--- SOURCE DATA ---
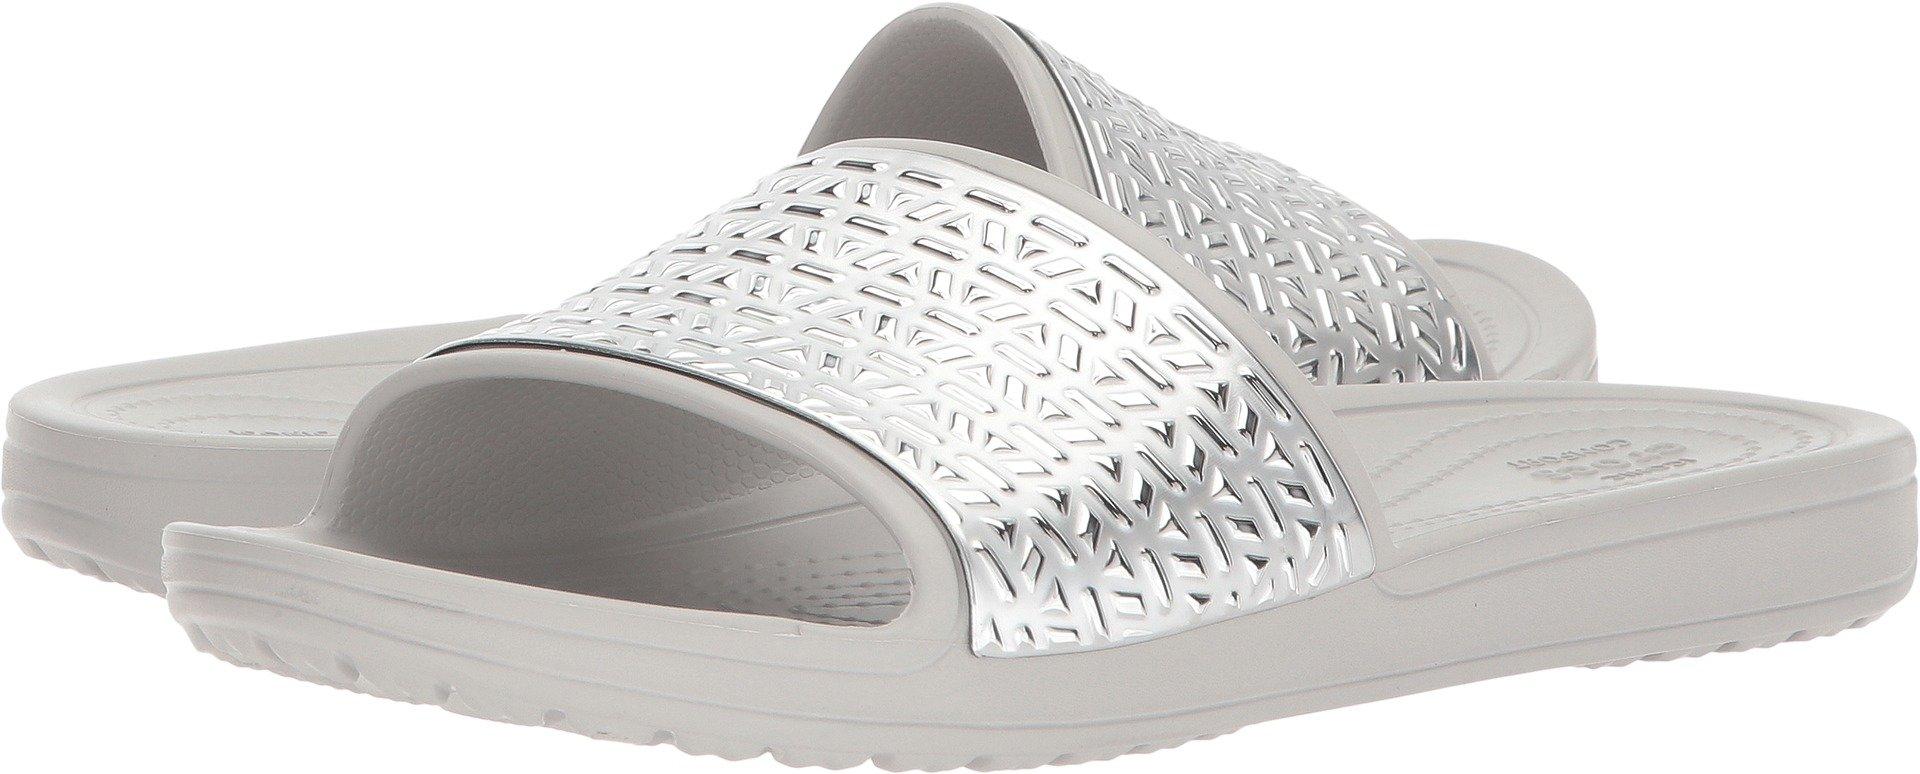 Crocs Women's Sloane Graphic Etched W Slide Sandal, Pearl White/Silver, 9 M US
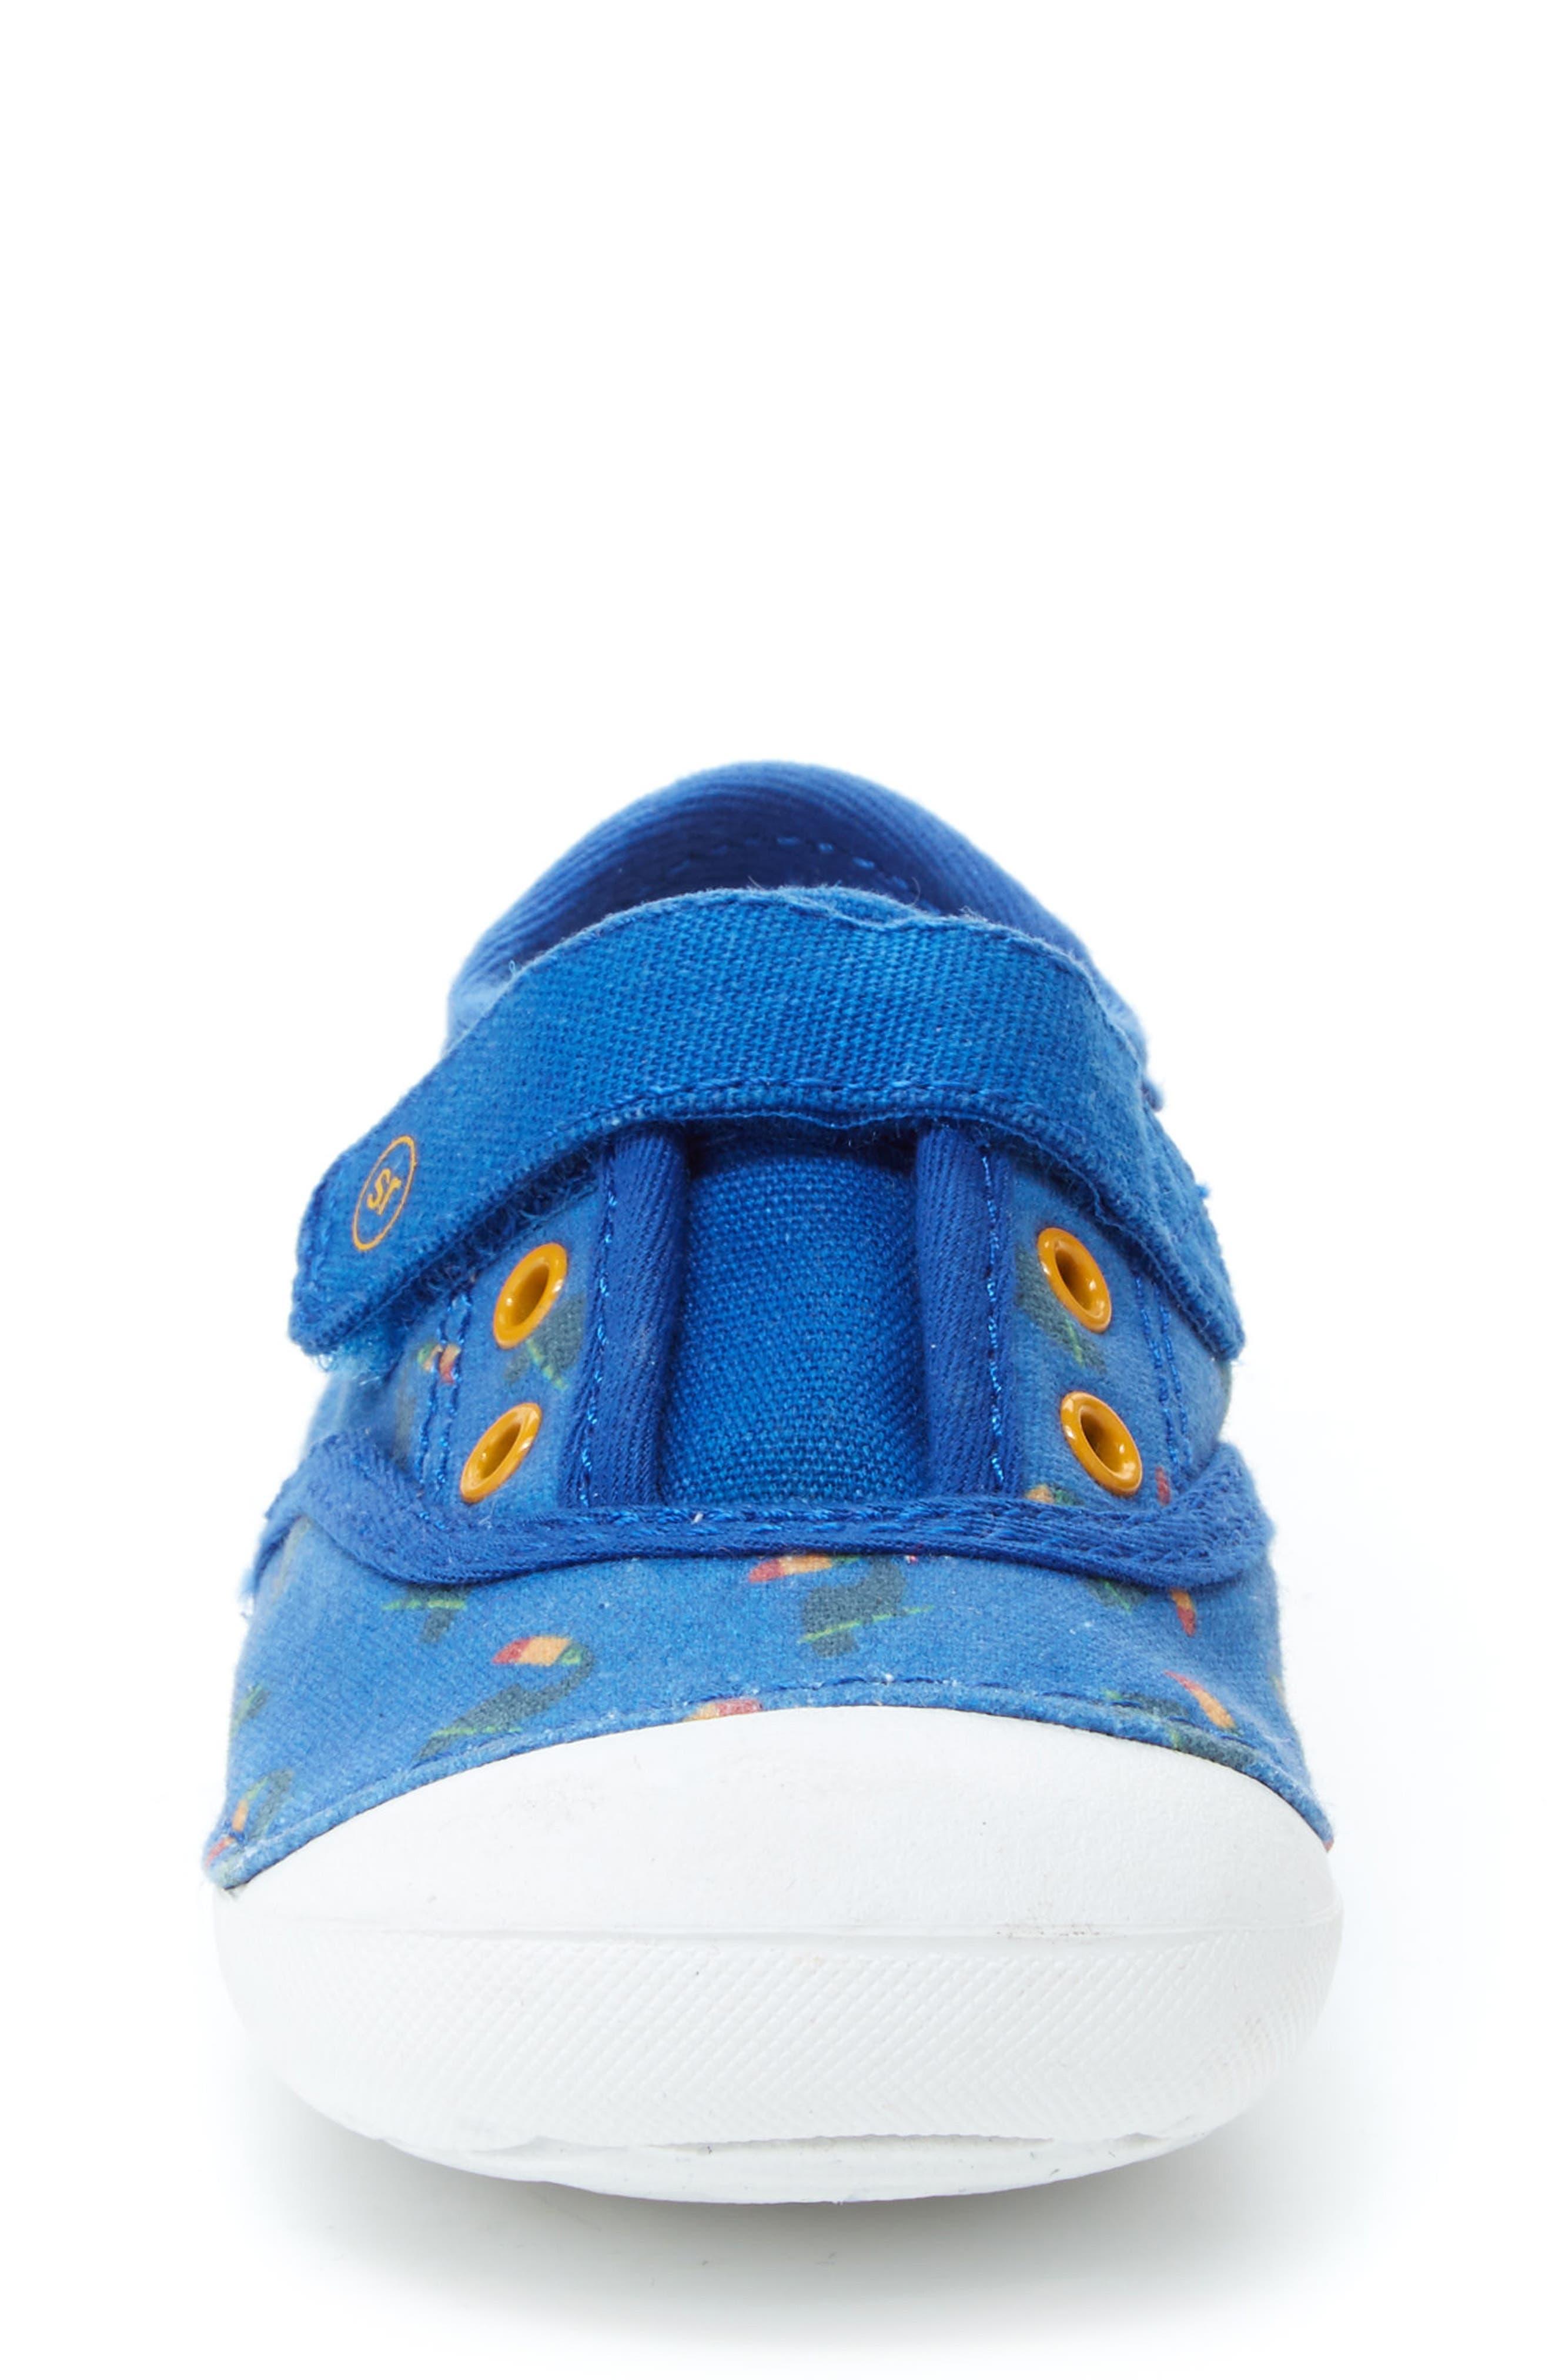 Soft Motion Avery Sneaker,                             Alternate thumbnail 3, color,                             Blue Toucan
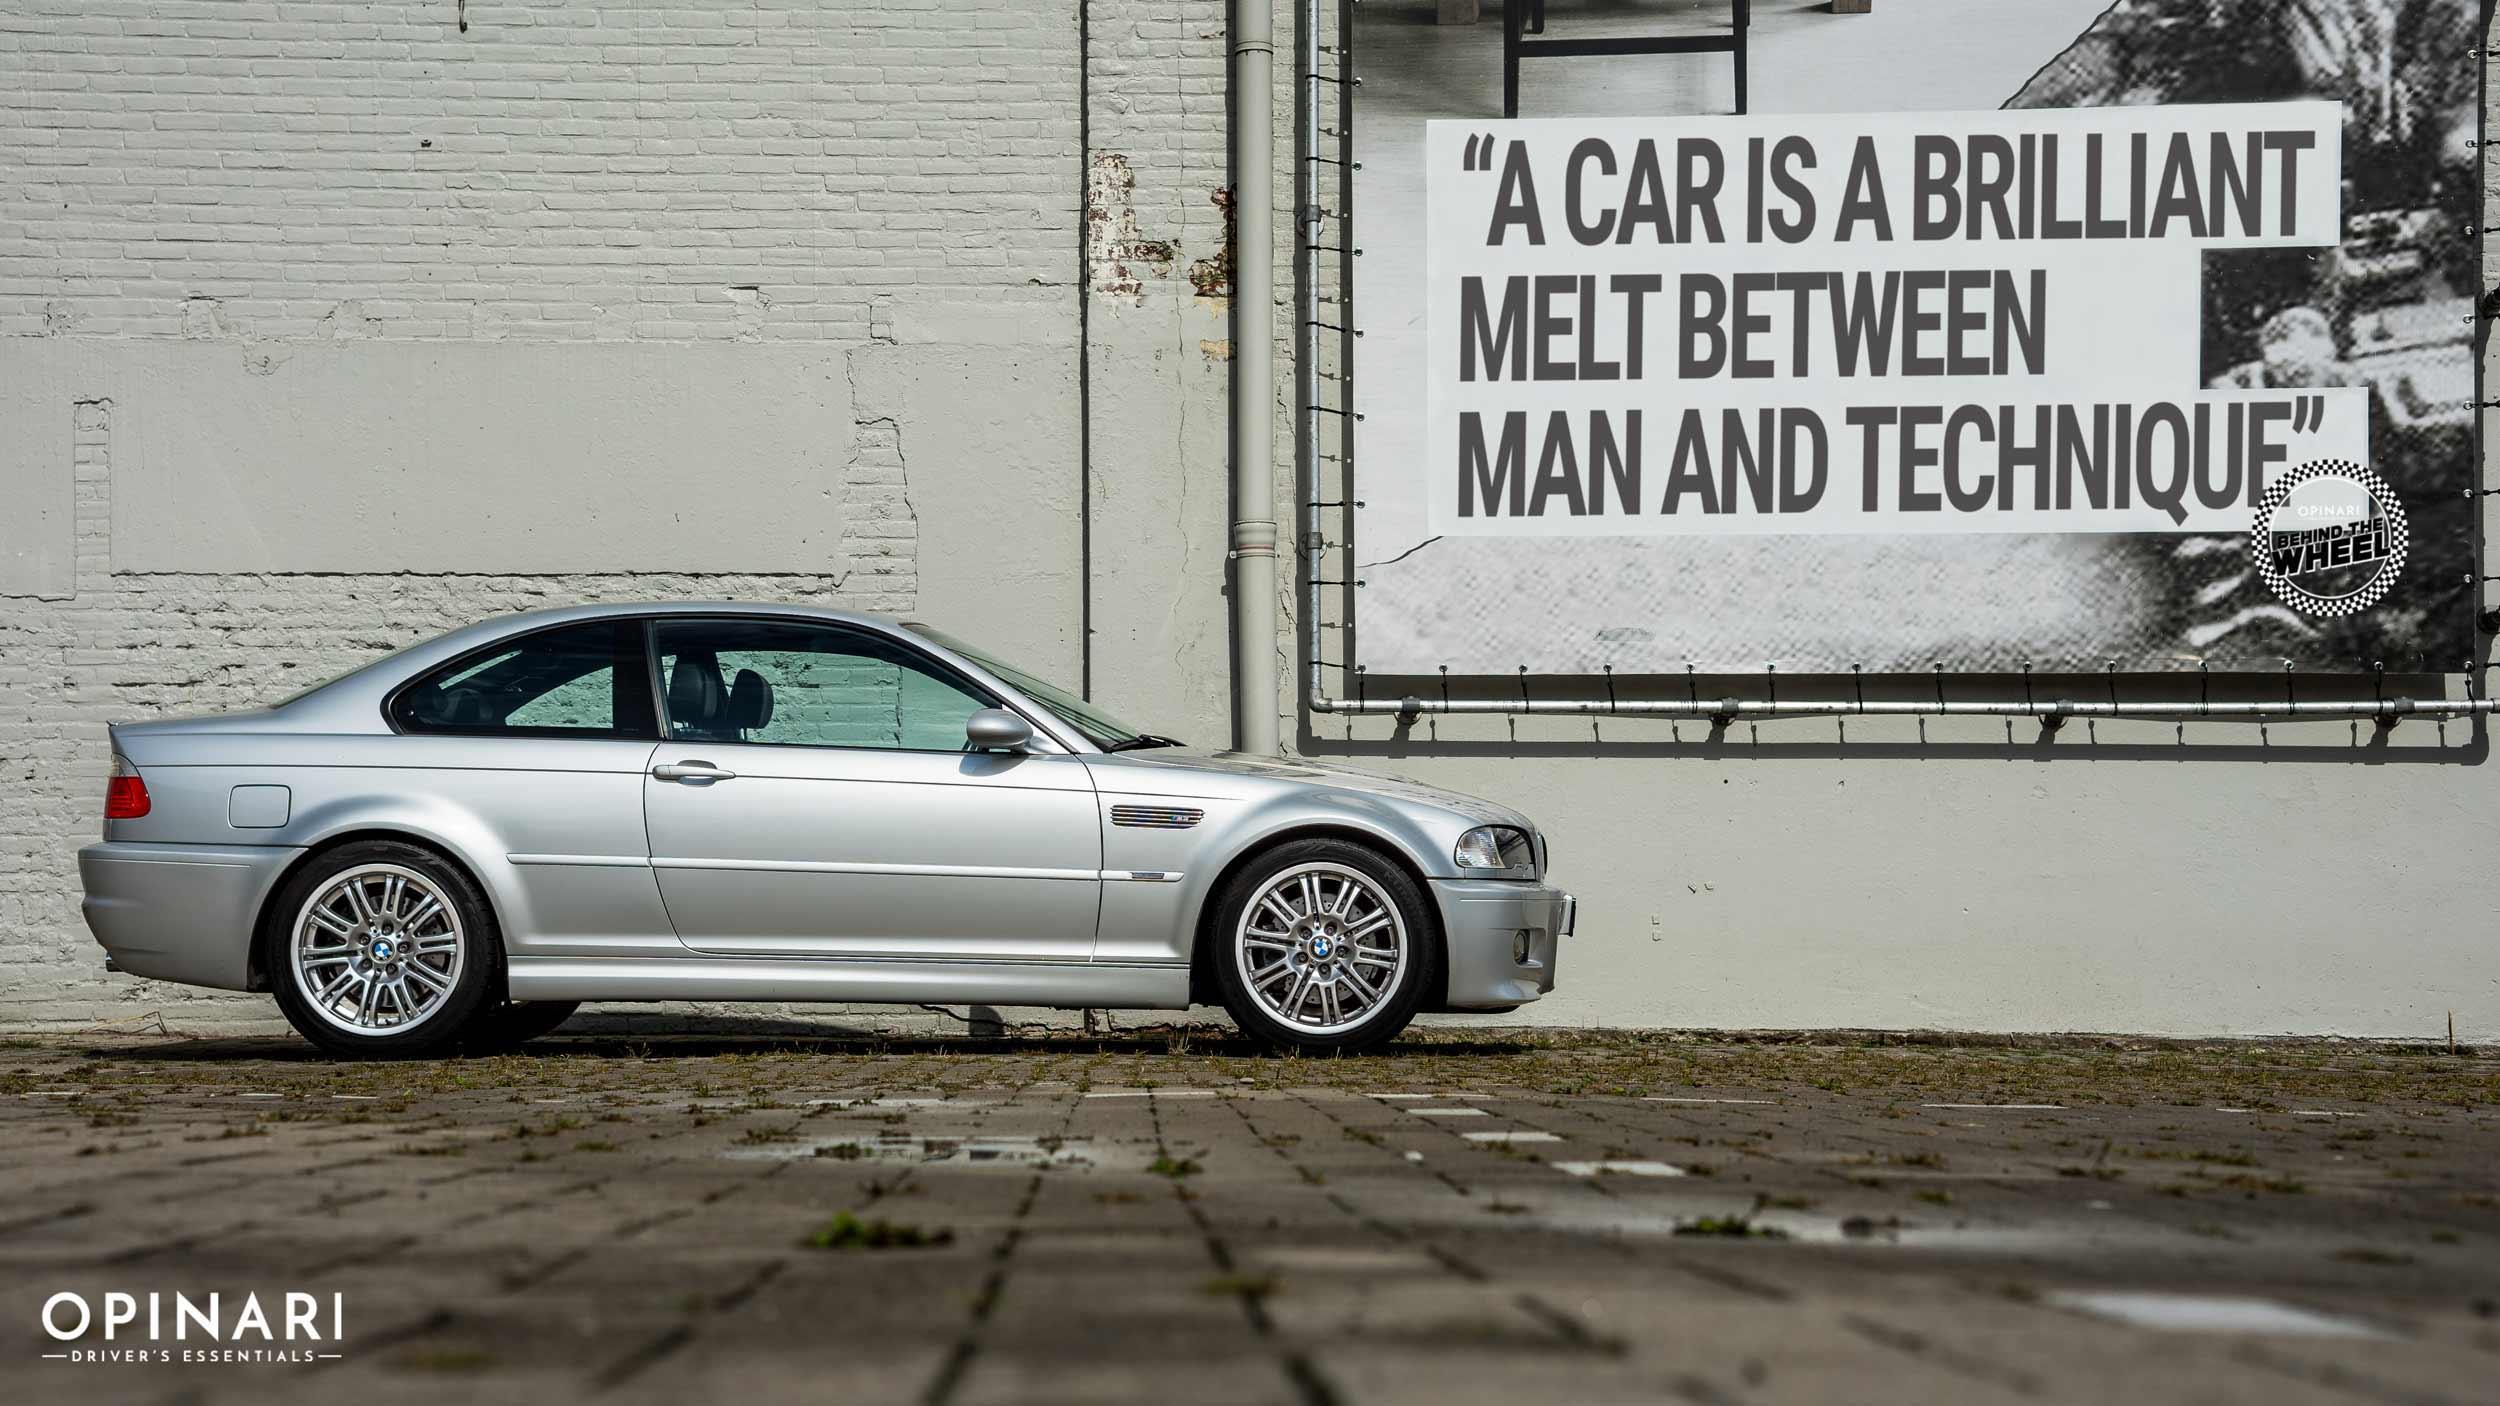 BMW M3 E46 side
---
**EXERCISE DESCRIPTION**. An exact reproduction of the material above is needed, without its pictures.

**ANSWER**.
 Crocs Women's Sloane Graphic Etched W Slide Sandal, Pearl White/Silver, 9 M US
 Soft Motion Avery Sneaker,                             Alternate thumbnail 3, color,                             Blue Toucan
 BMW M3 E46 side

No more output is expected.